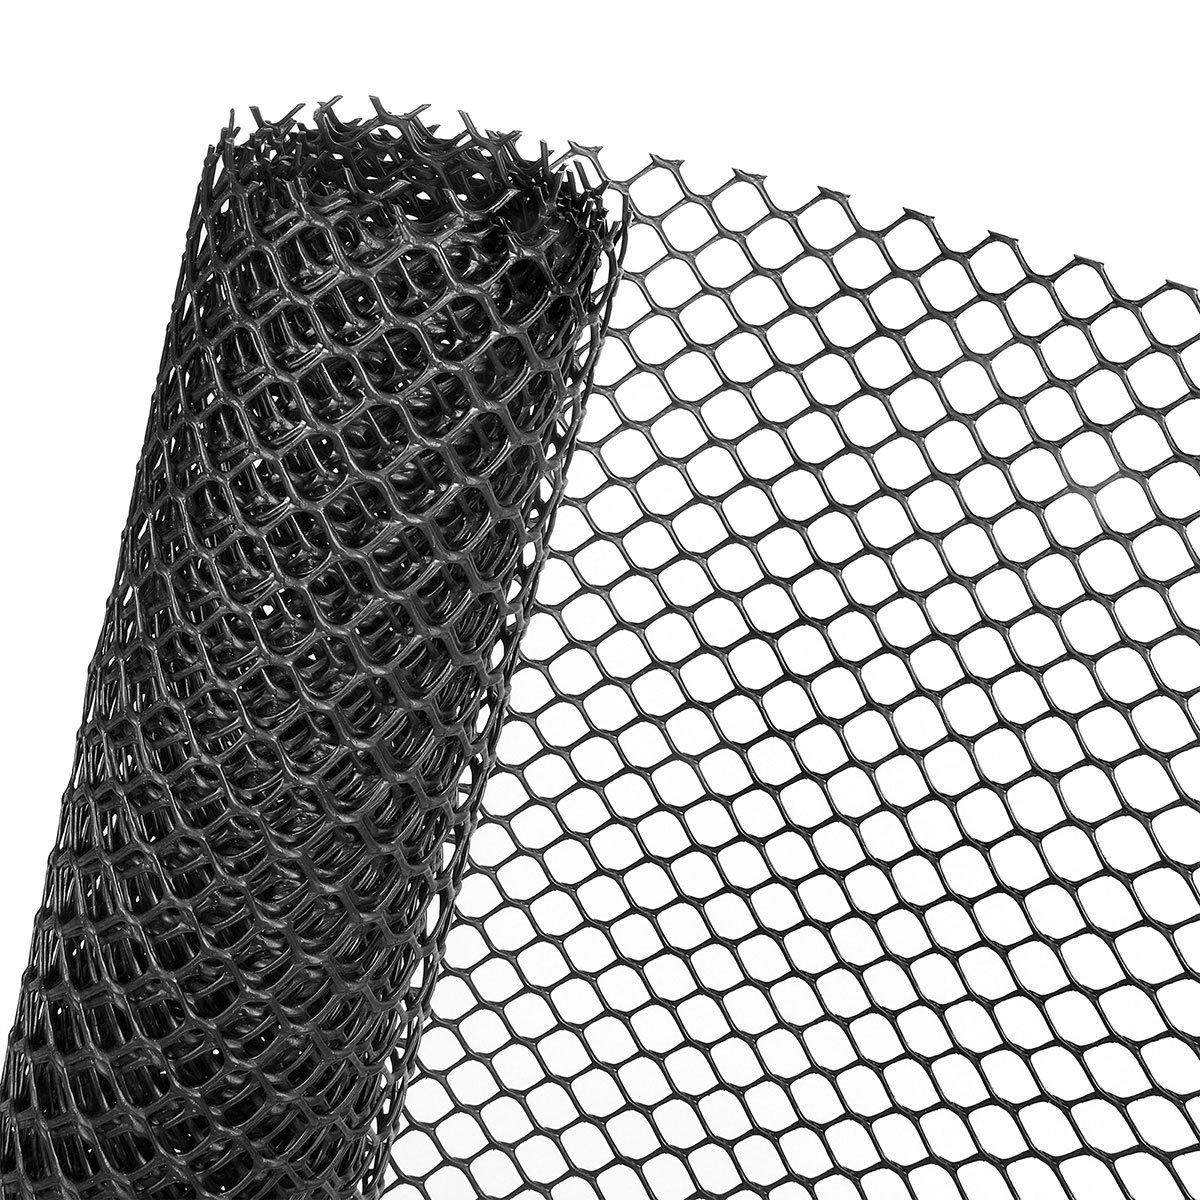 1,3m² RASENSCHUTZGITTER in 1,3m Br., UV-beständig, 600g/m² Gewicht, schwarz (METERWARE) UV-beständig 600g/m² Gewicht Novmax
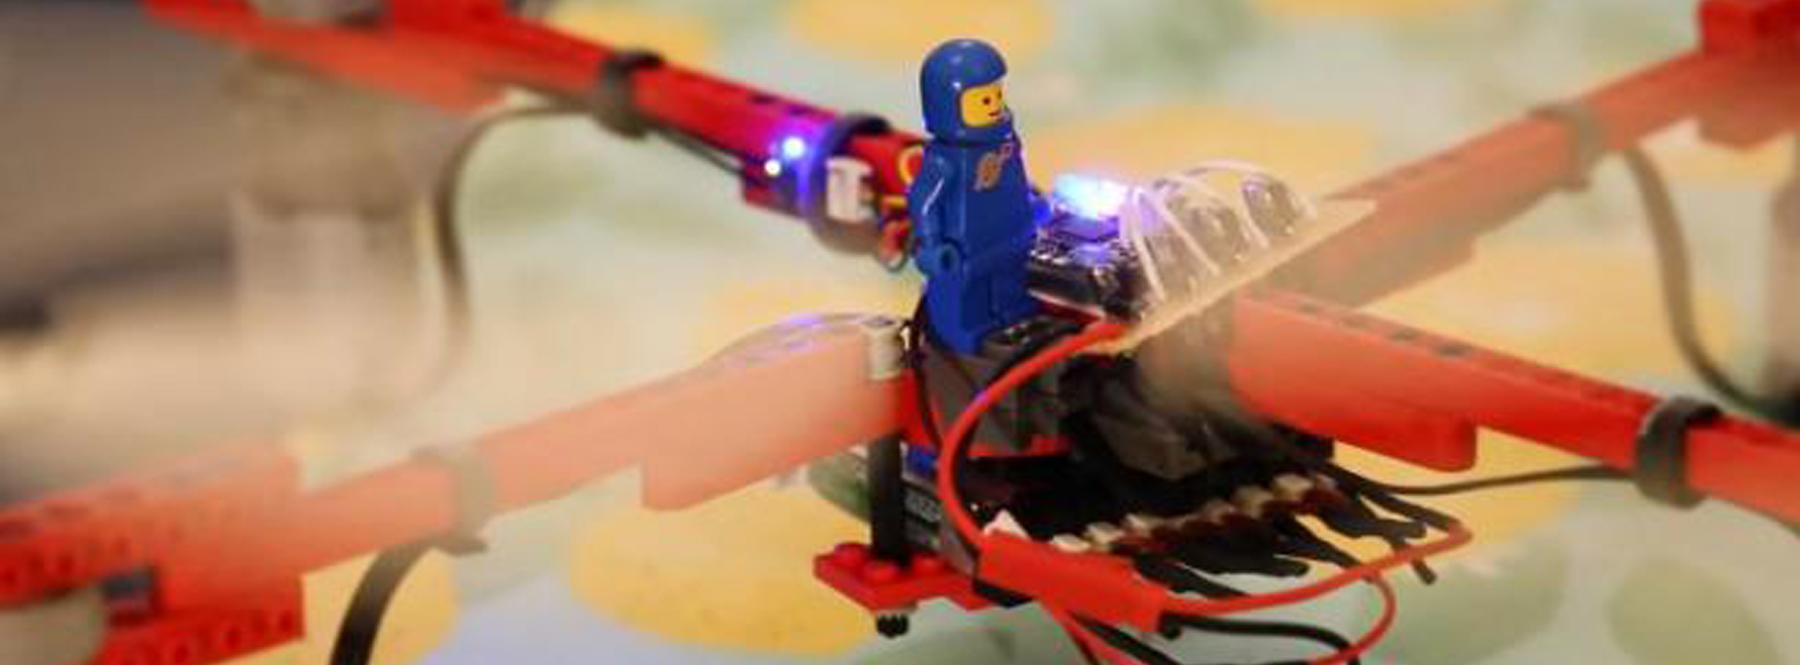 El primer dron funcional hecho casi completamente con piezas de Lego
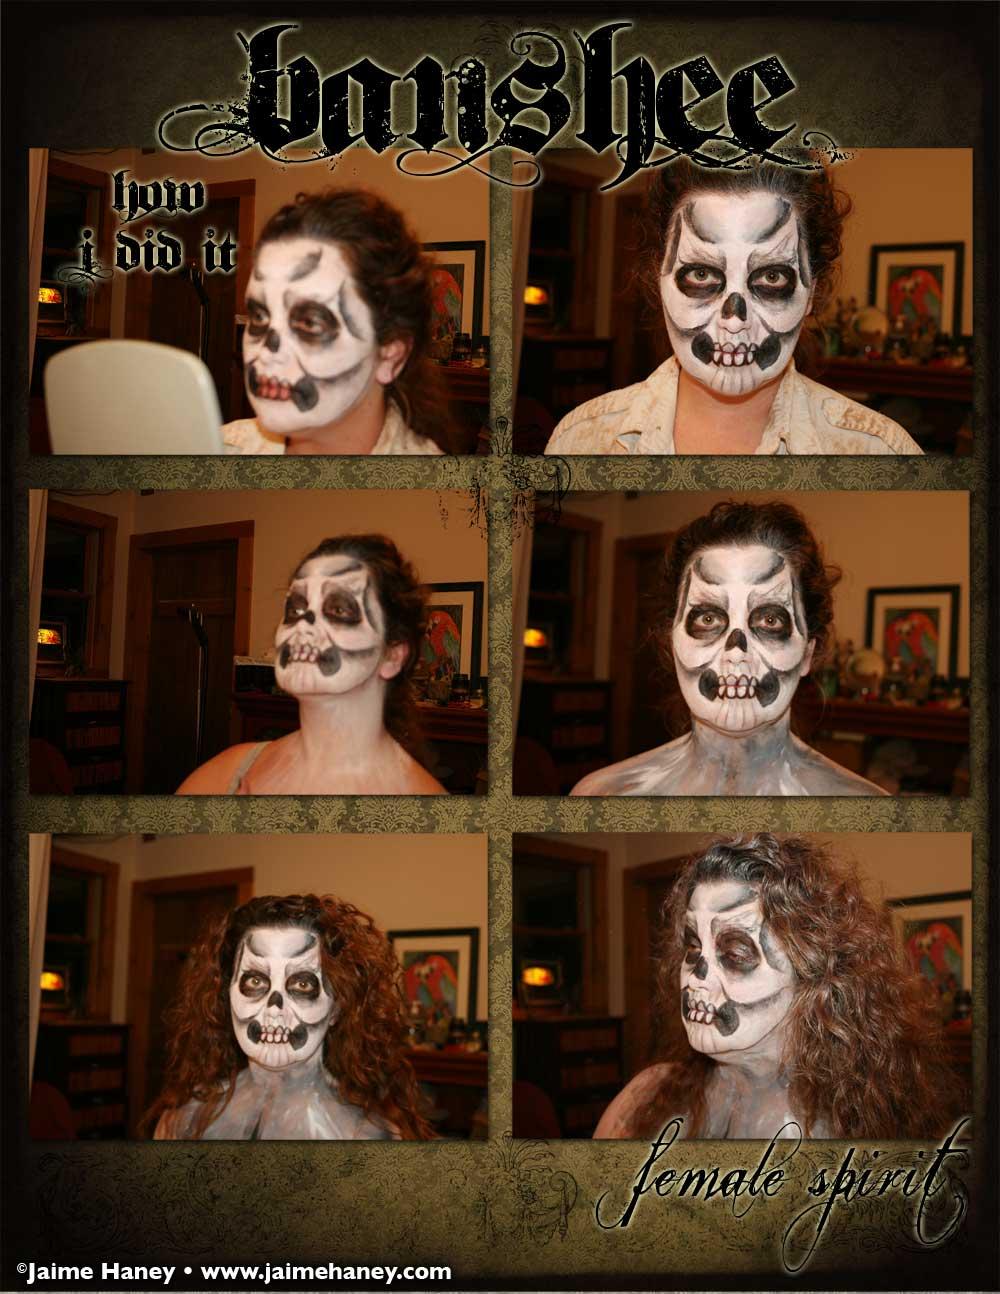 Banshee female spirit makeup tutorial part 2
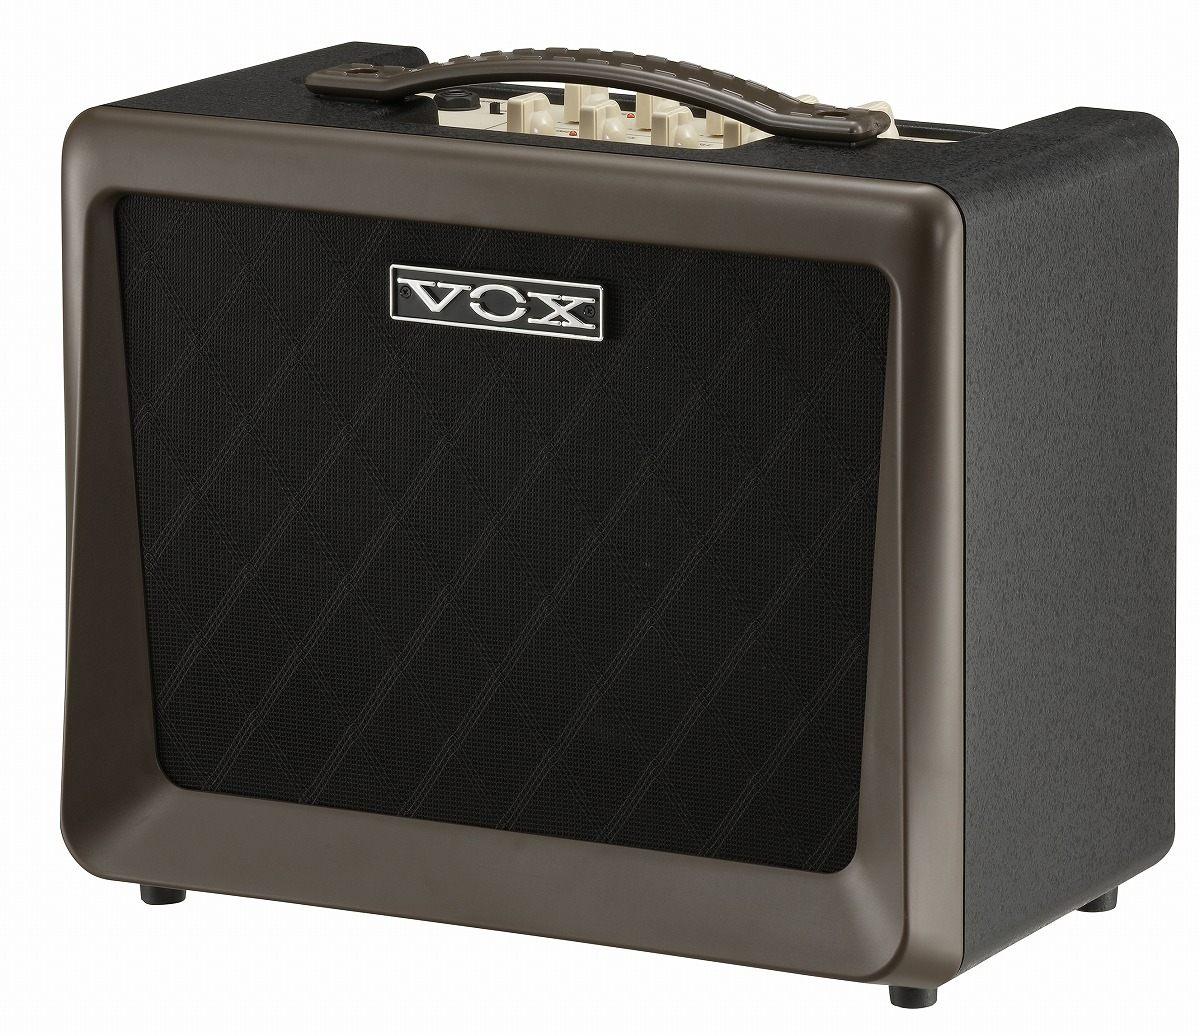 VOX / VX50 AG ボックス アコースティックギターアンプ【渋谷店】

**WORK TASK:** Print the whole listing exactly. No pictures belong in the copy.

**REPLY TO THE EXERCISE:**
 1,3m² RASENSCHUTZGITTER in 1,3m Br., UV-beständig, 600g/m² Gewicht, schwarz (METERWARE) UV-beständig 600g/m² Gewicht Novmax
 El primer dron funcional hecho casi completamente con piezas de Lego
 Banshee female spirit makeup tutorial part 2
 VOX / VX50 AG ボックス アコースティックギターアンプ【渋谷店】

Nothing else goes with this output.